It's essential to carefully match the torque and speed requirements of the application with the appropriate jaw coupling size. Undersized couplings may result in premature failure, while oversized couplings might lead to reduced flexibility and increased wear. Manufacturers' catalogs or product datasheets provide detailed information on the torque and speed ratings for each coupling size, helping engineers and designers make informed decisions when selecting the right coupling for their specific needs.
Can jaw couplings be used in marine and automotive applications?
Yes, jaw couplings can be used in both marine and automotive applications, and they have proven to be effective in various scenarios within these industries. Here's how jaw couplings are utilized in marine and automotive settings:
Marine Applications:
In the marine industry, jaw couplings are commonly used to connect the engine to various components, such as propellers, pumps, generators, and auxiliary equipment. They offer several advantages that make them suitable for marine applications:
- Corrosion Resistance: Marine environments are exposed to saltwater and other corrosive elements. Jaw couplings made from materials such as stainless steel or other corrosion-resistant alloys can withstand these harsh conditions and ensure long-lasting performance.

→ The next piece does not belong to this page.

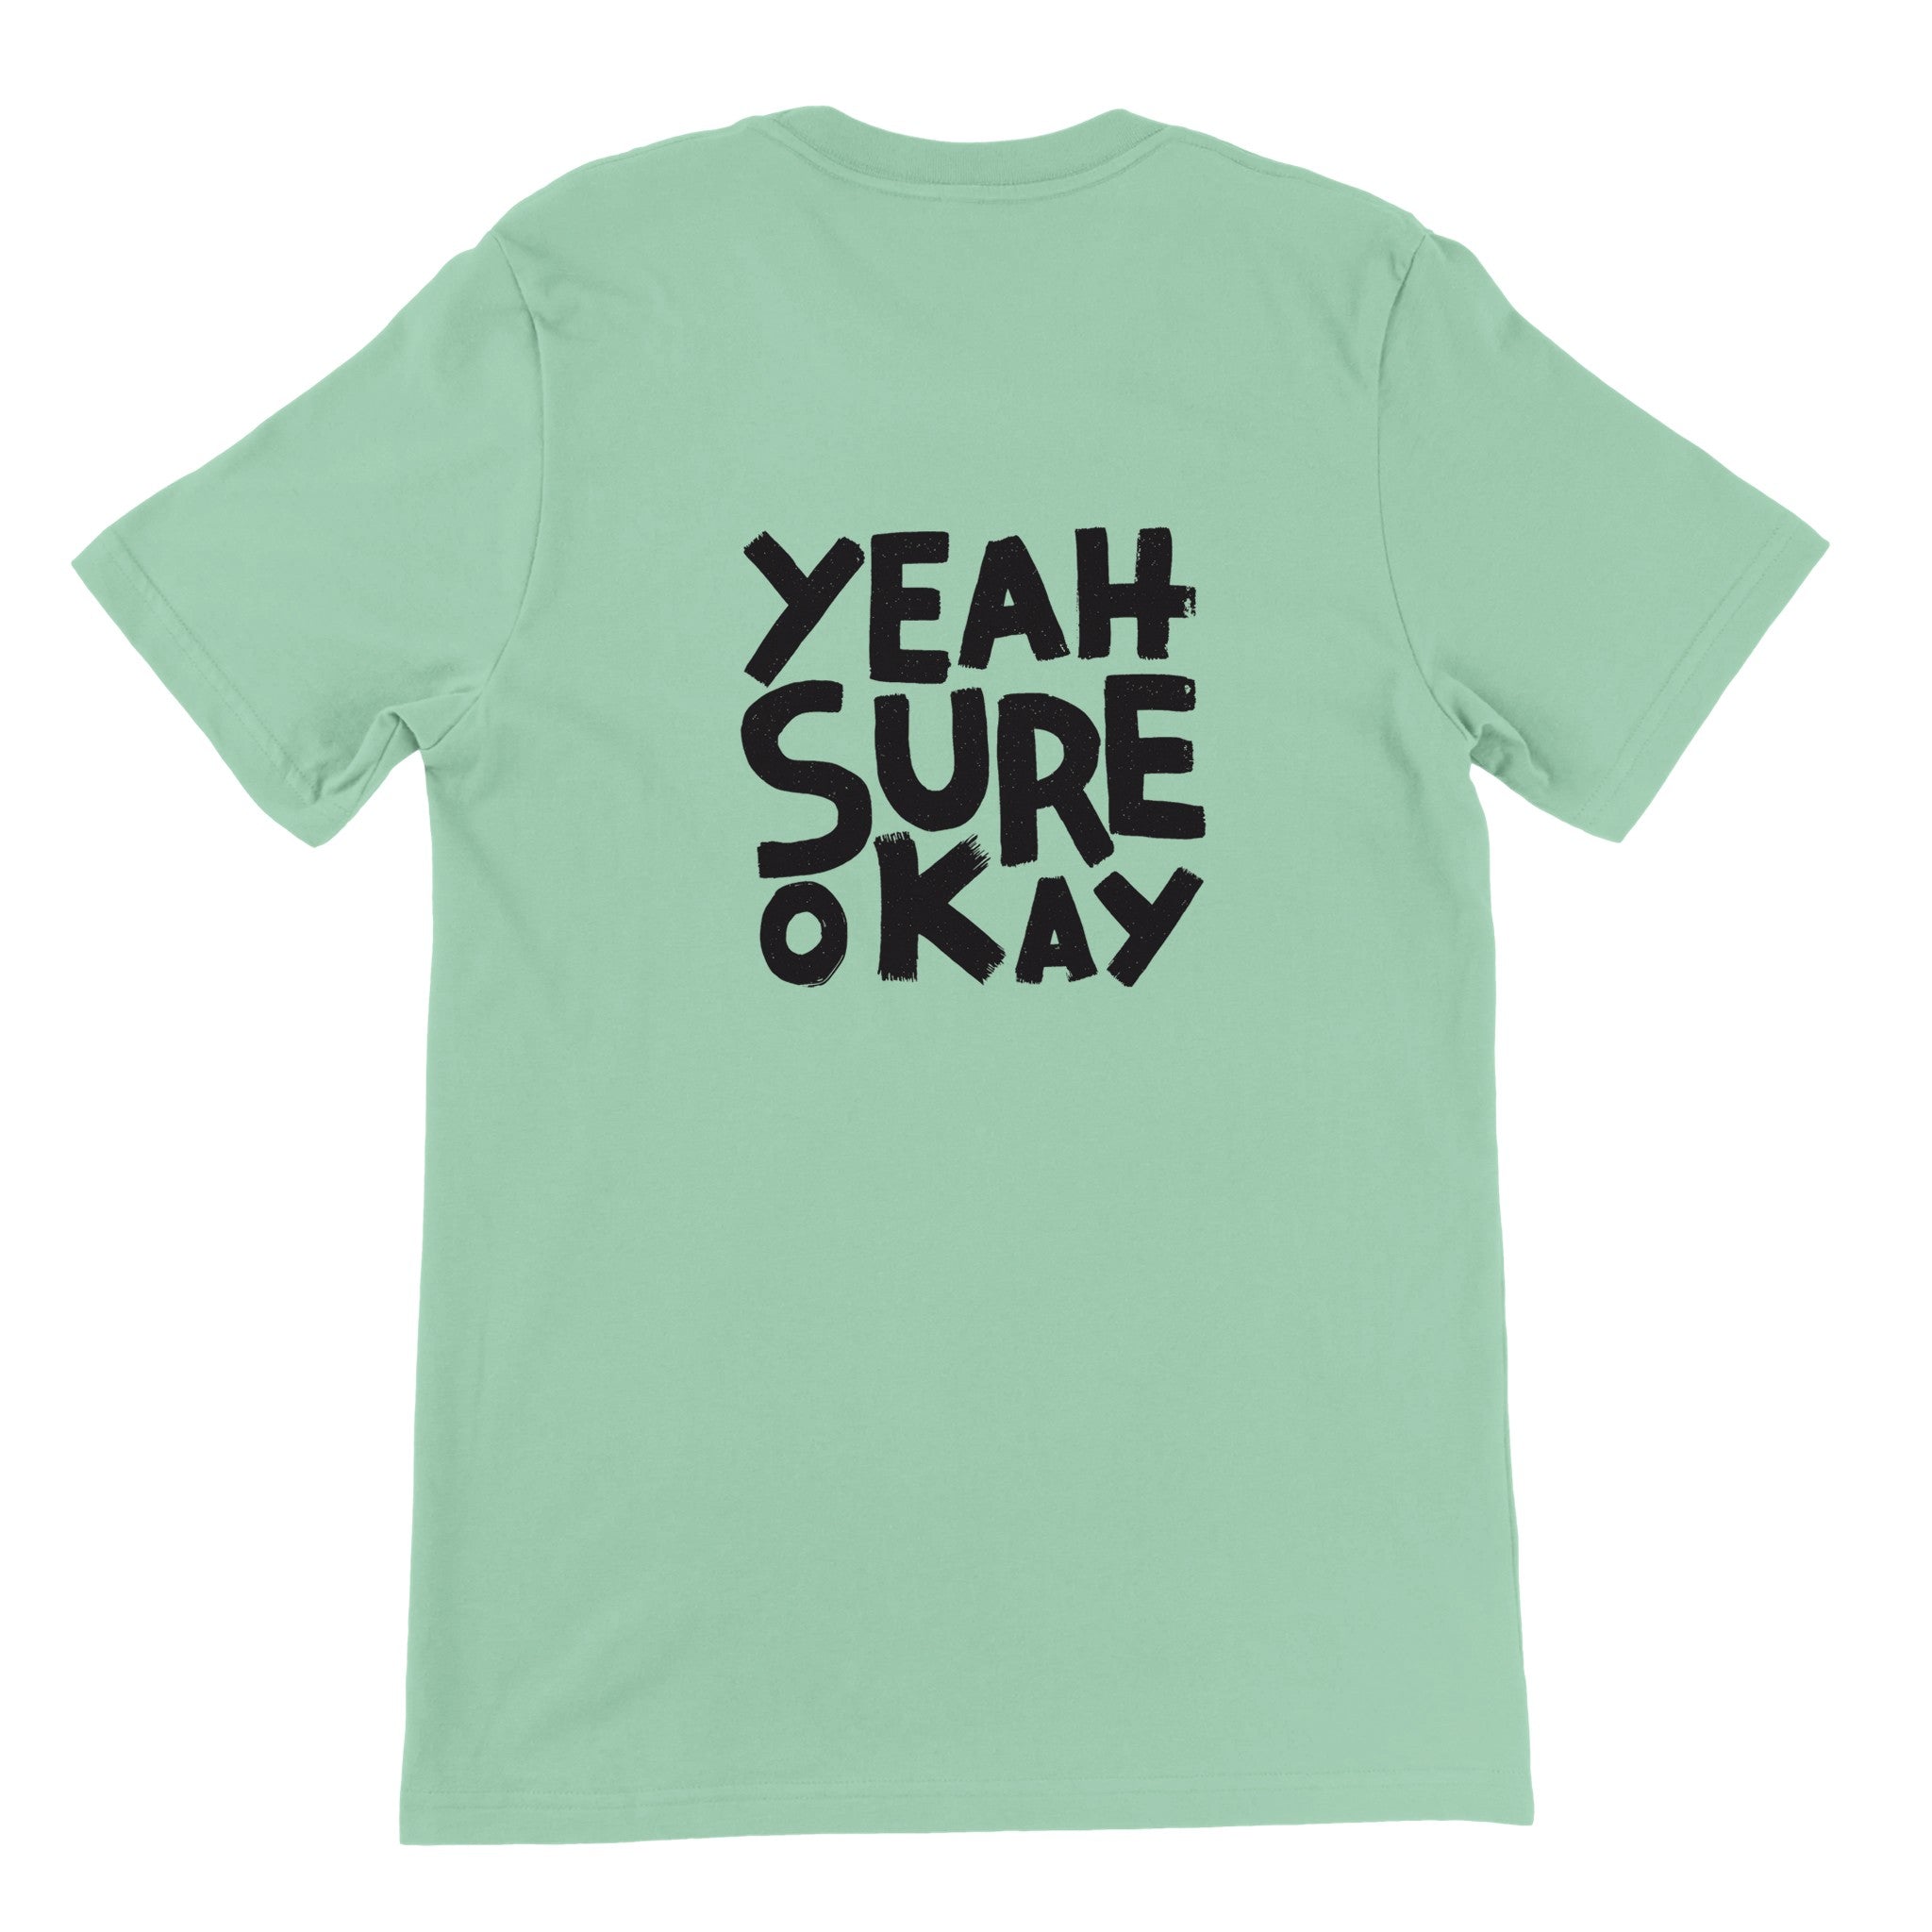 YEAH SURE OKAY Crewneck T-shirt - Optimalprint

- Misalignment Compensation: Vessel movement and hull flexing can lead to misalignment between the engine and driven components. Jaw couplings can accommodate both angular and parallel misalignment, ensuring efficient power transmission even in dynamic marine conditions.
- Vibration Damping: The elastomer spider in the jaw coupling absorbs vibrations generated by the engine and other equipment, contributing to smoother operation and reduced wear on the components.

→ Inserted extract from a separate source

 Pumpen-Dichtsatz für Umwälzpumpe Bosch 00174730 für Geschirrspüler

- Compact Design: Space is often limited on boats and ships. Jaw couplings have a compact and lightweight design, making them suitable for applications with space constraints.
Automotive Applications:
In the automotive industry, jaw couplings are used in various applications, including power steering systems, engine-driven accessories, and HVAC blowers. They offer several benefits for automotive applications:
- Misalignment Compensation: Jaw couplings can handle small misalignments that can occur due to engine movements or assembly tolerances, ensuring reliable power transmission and reducing stress on the drivetrain.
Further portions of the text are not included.